When Ed Lee and I were working on Petal we needed some sort of commit protocol to make sure global operations in the distributed system completed correctly in the presence of server failures. We knew about 3PC and studied a description of it in Bernstein, Hadzilacos, and Goodman’s book Concurrency Control and Recovery in Database Systems. We found the protocol a bit difficult to understand and therefore abandoned our attempts at implementing it. At around this time, Mike Schroeder told us about a protocol for consensus that Leslie Lamport had invented and suggested we ask him about it. Leslie gave Ed a copy of the Part-Time Parliament tech report, which we both enjoyed reading. I particularly liked its humour and to this day, cannot understand why people don’t like that tech report. Paxos had all the necessary properties we wanted for our system and we figured we could implement it. Leslie provided essential consulting help as well, which resulted in the first implementation of the Paxos algorithm (including dynamic reconfiguration) as far as I am aware. A year later, when we needed a distributed lock server for the Frangipani file system we used Paxos again.

So, I thought that maybe the time had come to try publishing it again.

Meanwhile, the one exception in this dismal tale was Butler Lampson, who immediately understood the algorithm’s significance. He mentioned it in lectures and in a paper, and he interested Nancy Lynch in it. De Prisco, Lynch, and Lampson published their version of a specification and proof. Their papers made it more obvious that it was time for me to publish my paper. So, I proposed to Ken Birman, who was then the editor of TOCS, that he publish it. He suggested revising it, perhaps adding a TLA specification of the algorithm. But rereading the paper convinced me that the description and proof of the algorithm, while not what I would write today, was precise and rigorous enough. Admittedly, the paper needed revision to take into account the work that had been published in the intervening years. As a way of both carrying on the joke and saving myself work, I suggested that instead of my writing a revision, it be published as a recently rediscovered manuscript, with annotations by Keith Marzullo. Marzullo was willing, Birman agreed, and the paper finally appeared.
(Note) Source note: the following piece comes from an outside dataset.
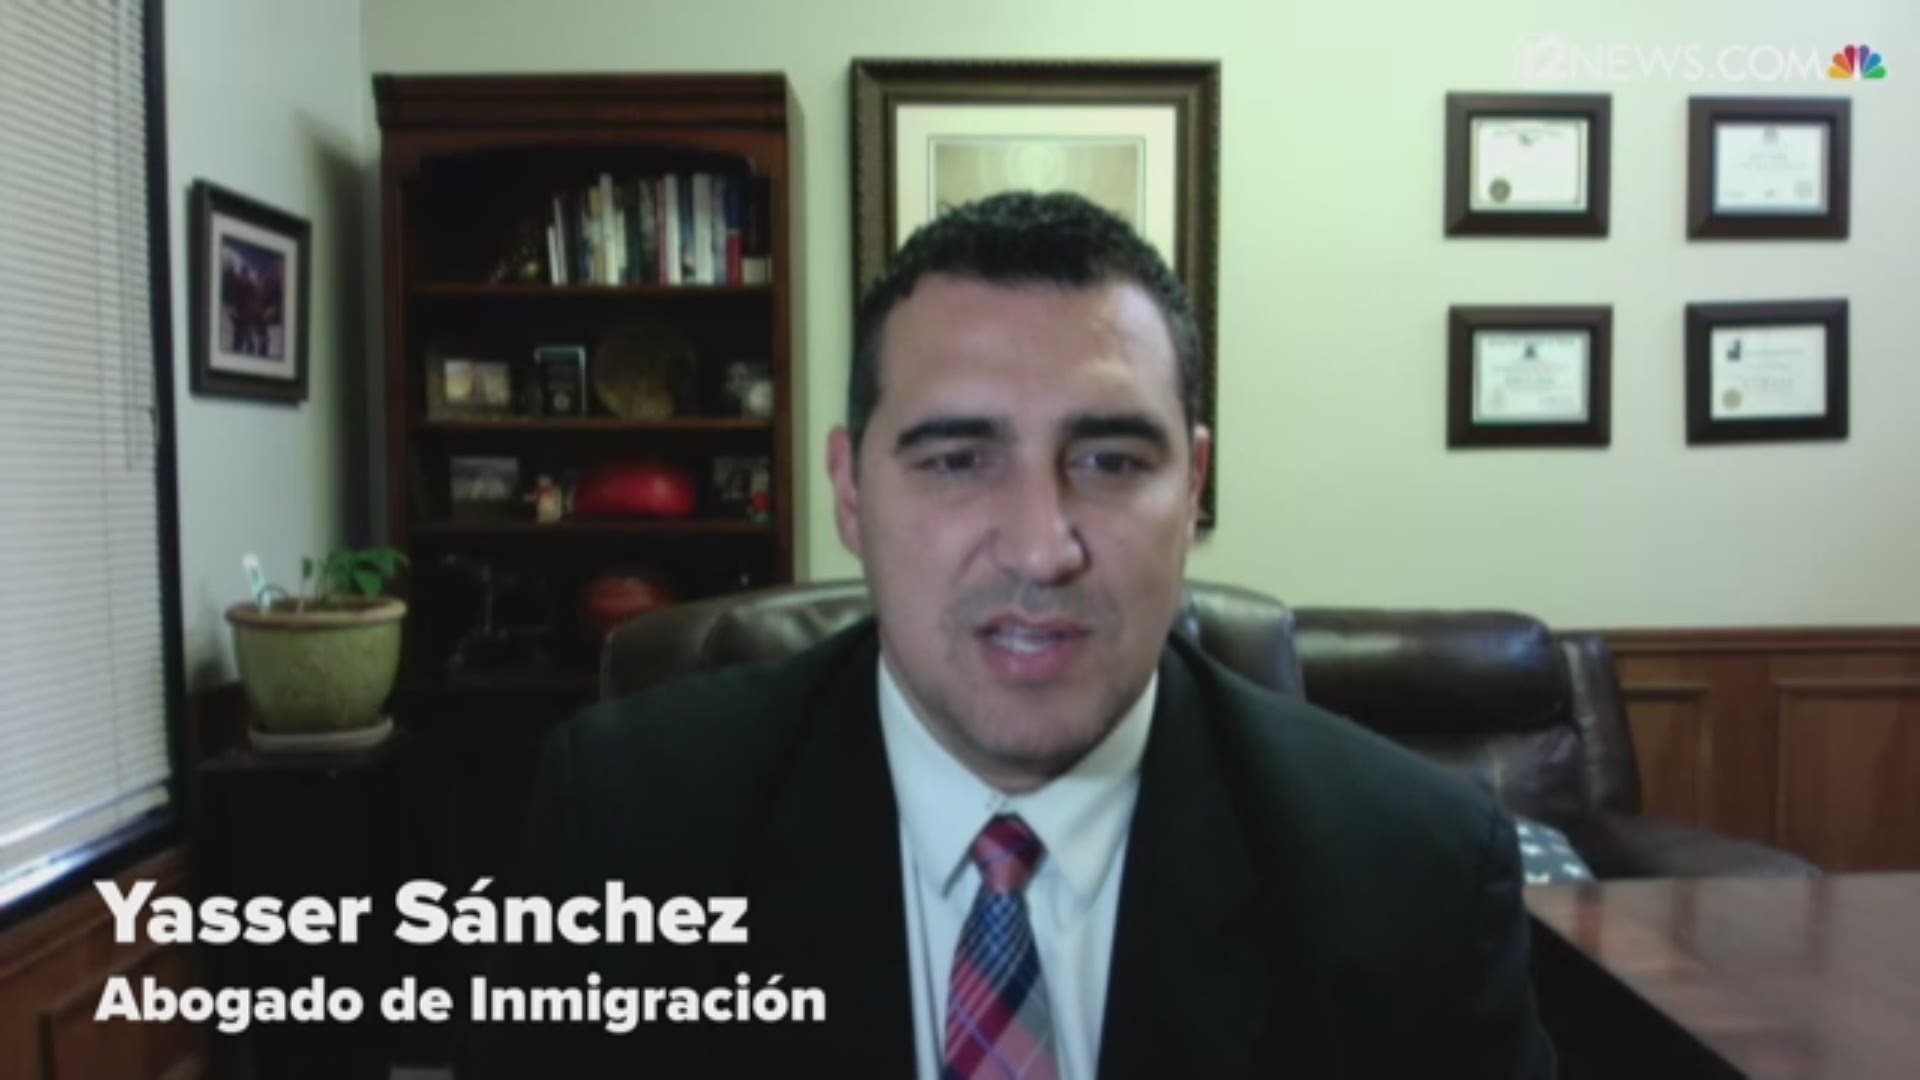 El abogado de inmigración, Yasser Sánchez, explica algunos de los cambios que ha habido en el proceso de ciudadanía debido a la pandemia.

There was an amusing typesetting footnote to this. To set off Marzullo’s annotations, I decided that they should be printed on a gray background. ACM had recently acquired some wonderful new typesetting software, and TOCS was not accepting camera-ready copy. Unfortunately, their wonderful new software could not do shading. So, I had to provide camera-ready copy for the shaded text. Moreover, their brilliant software could accept this copy only in floating figures, so Marzullo’s annotations don’t appear quite where they should. Furthermore, their undoubtedly expensive software wasn’t up to typesetting serious math. (After all, it’s a computing journal, so why should they have to typeset formulas?) Therefore, I had to provide the camera-ready copy for the definitions of the invariants in section A2, which they inserted as Figure 3 in the published version. So, the fonts in that figure don’t match those in the rest of the paper.

This paper won an ACM SIGOPS Hall of Fame Award in 2012.

This paper was first submitted in 1990, setting a personal record for publication delay that has since been broken by [60].